In multivariable analysis, five variables (stage of cancer, cognitive functioning, pain, financial difficulties, and future perspective) were found to be significantly associated with patients’ GQOL (Tables 3 and 4). Only cancer stage maintained a significant association with the socio-demographic and clinical characteristics. This implied that stage 4 breast cancer patients were 7.94 times more likely that their GQoL was affected by cancer (Table 3).

Table 3 Association of socio-demographic/economic factors with GQoL of patients with breast cancer at TASH, Addis Ababa, Ethiopia
Table 4 Association between (EORTC QLQ-C30, EORTC QLQ-BR23) functioning and symptom scales with GQoL of patients with breast cancer at TASH, Addis Ababa, Ethiopia

For EORTC QLQ-C30, only cognitive functioning was significant. Thus, patients GQoL was 2.38 times more likely to be affected if they reported problems with cognitive functioning. Among the symptom scale variables, pain and financial difficulties maintained their association in the multivariable analysis. Patients GQoL was 8 times more likely to be affected if they reported problems with pain. Patients GQoL was 2.60 times more likely to be affected if they reported problems with financial difficulties. For the breast specific EORTC QLQ-BR23 of the functional scales, only future perspective maintained the association in the multi-variable analysis (AOR = 2.08;95% CI: 1.24–3.49) (Table 4).
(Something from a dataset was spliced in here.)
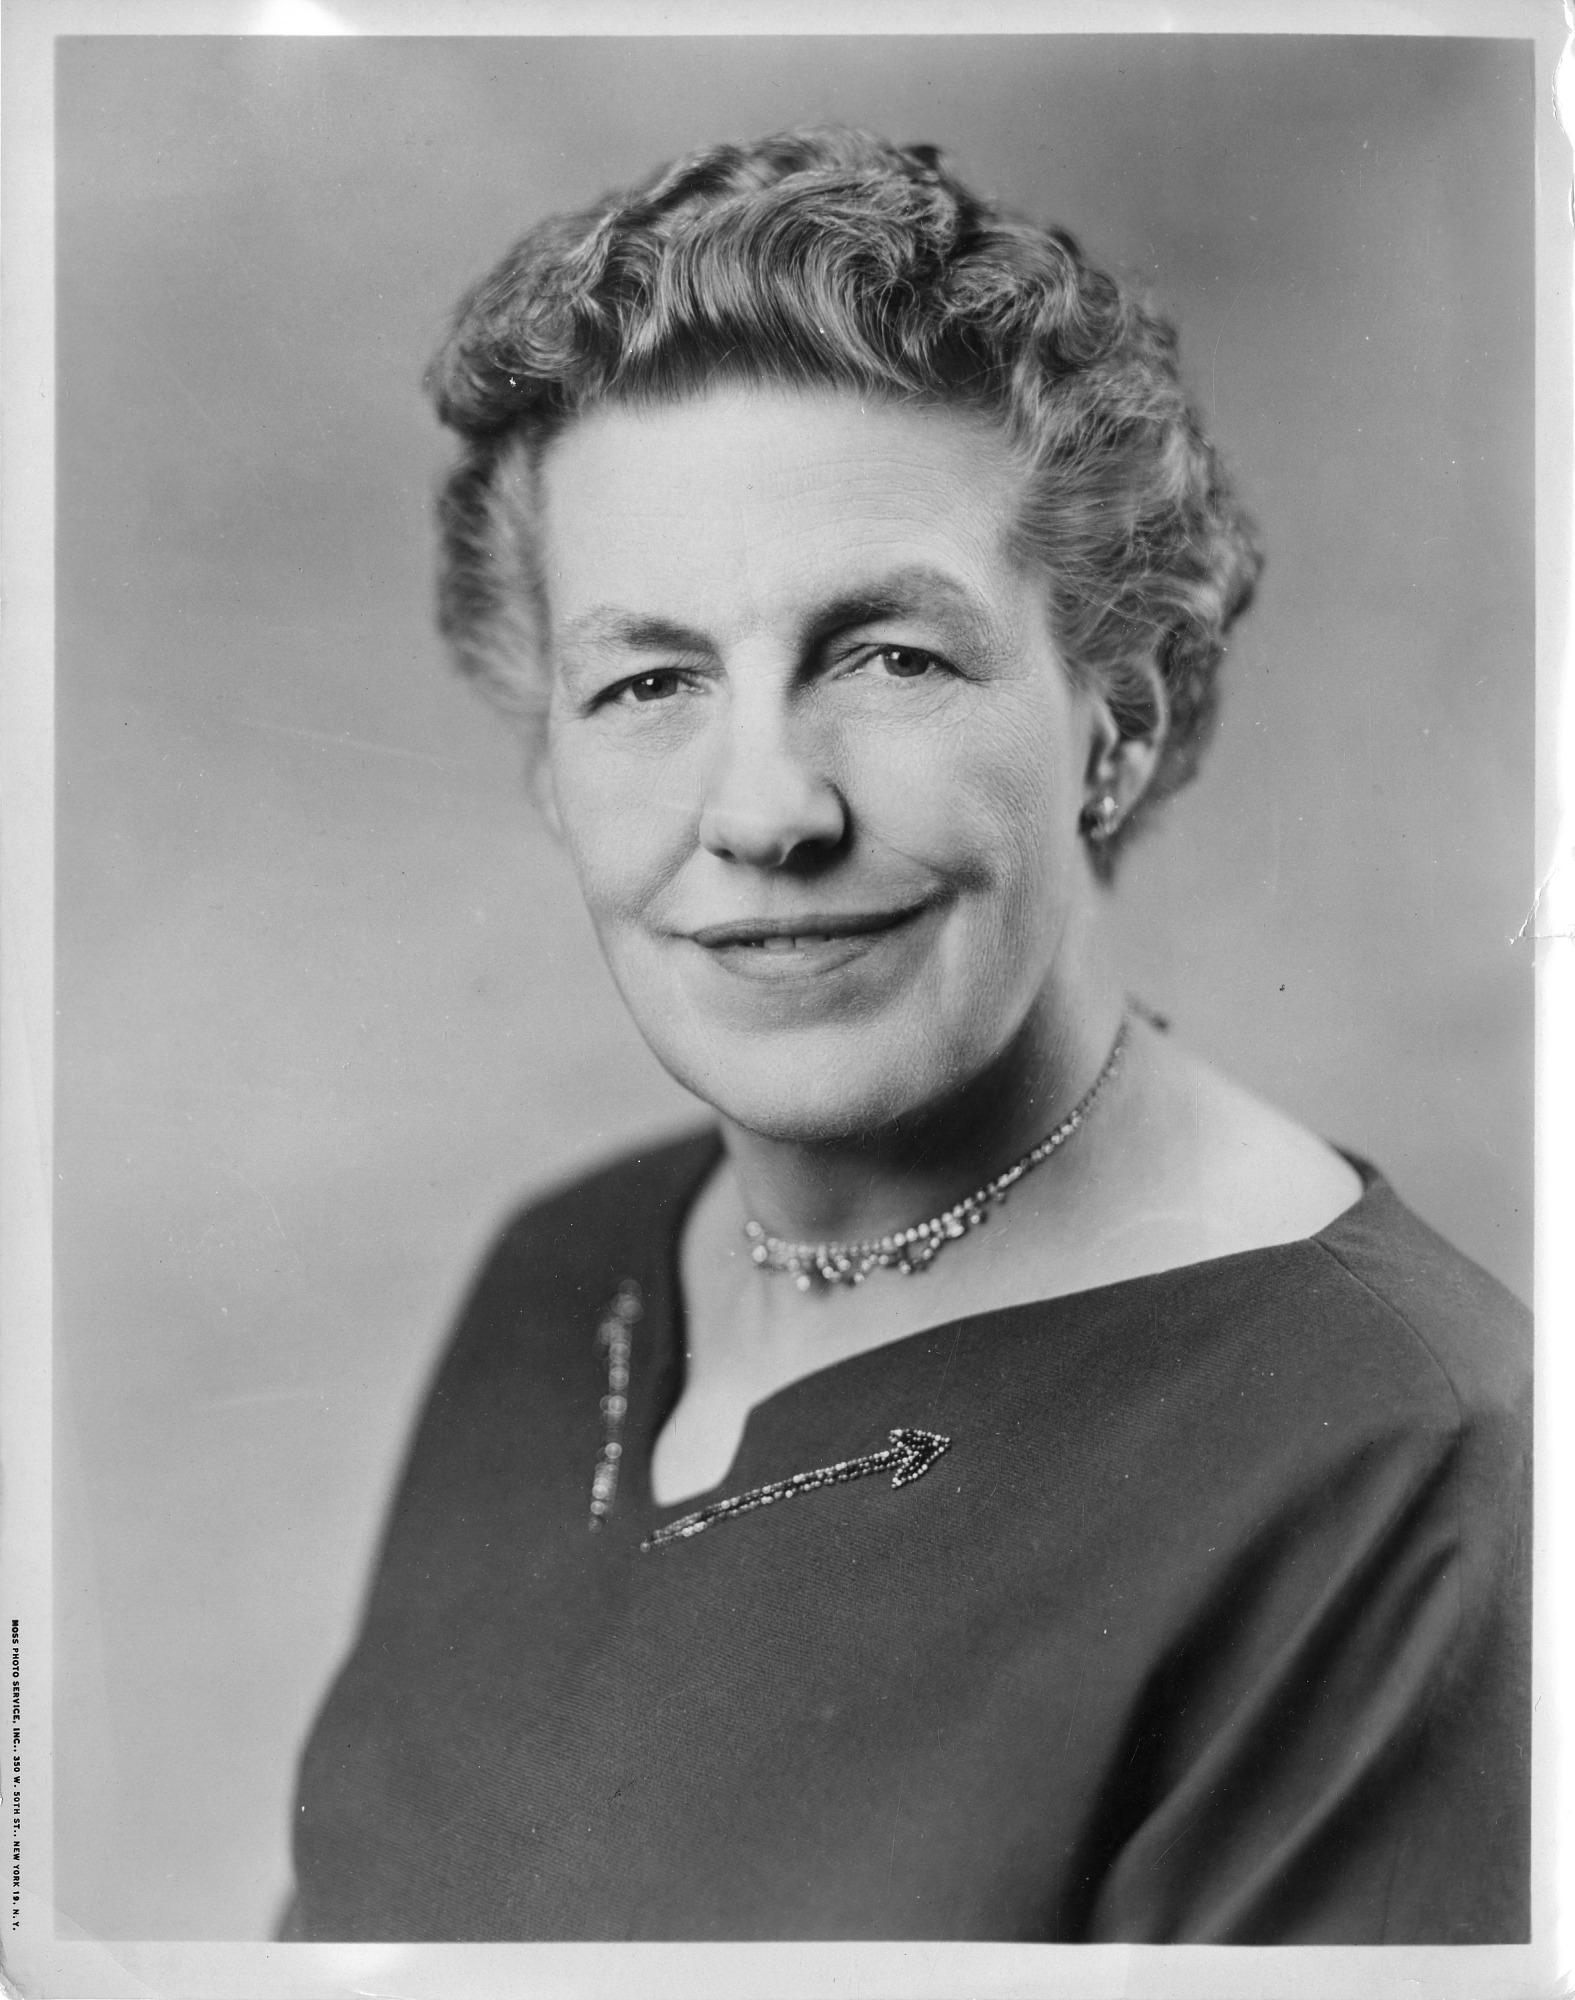 Mary Elizabeth Switzer (1900-1971)

EQ-5D dimensions affected by breast Cancer and utility score

For the EQ-5D-5 L, except for pain variable, more than half of the patients had no problem in any of the five dimensions. The study showed that 23.8, 4.2, and 1% of the patients reported slight to moderate, severe mobility problem, and unable to walk, respectively. According to the study, 9.9% of them reported a slight to moderate self-care problem while 1.7% of them were unable to wash or dress themselves. Regarding daily activities, 27.4% of the patients reported that they experienced slight to moderate problems in their daily activity with 3.5% were unable to do their usual activities. 43.3% of the patients reported that they suffered slight to moderate pain, 6.9% suffered a severe pain and 4.5% suffered an extreme pain. Considering depression/anxiety, 30.2, 7.4, and 2.7% of the patients suffered a slight to moderate, severe, and an extreme anxiety/depression, respectively (Fig. 1).The mean score for the EQ-VAS was 69.94 ± 20.36, while the mean utility score was found to be 0.8 ± 0.25., which translates to patients with breast cancer preferred to trade-off 2 years of live and preferred to live 8 years in full health compared to living 10 years with their current health status.

Fig. 1
figure 1

Frequency distribution of the five-dimensional EQ-5D-5 L questionnaire of patients with Breast cancer at TASH, Addis Ababa, Ethiopia, 2018


The purpose of the study was to assess HRQoL, predicting factors and utility among patients with breast cancer in TASH. In the assessment of functioning scales, the lowest score was found for physical and sexual functioning. Highest symptom scales were found for fatigue, pain, loss of appetite and systemic therapy side effects were reported. The mean score for GQoL was 59.32 ± 22.94 which is almost similar to studies conducted in Iran, Central rural India, Germany and Lebanon [10, 18,19,20]. Our finding, however, was lower than the EORTC reference value (61.8 ± 24.6) [21] and studies conducted in South India, Australia, UK, Bahrain, Jordan, and Latin America [21,22,23,24,25,26]. This could be due to limited understanding of the disease, the lengthy process of referral to the country’s only specialized center, and late presentation; with most patients at the center diagnosed in a metastasized level which makes the disease incurable [27].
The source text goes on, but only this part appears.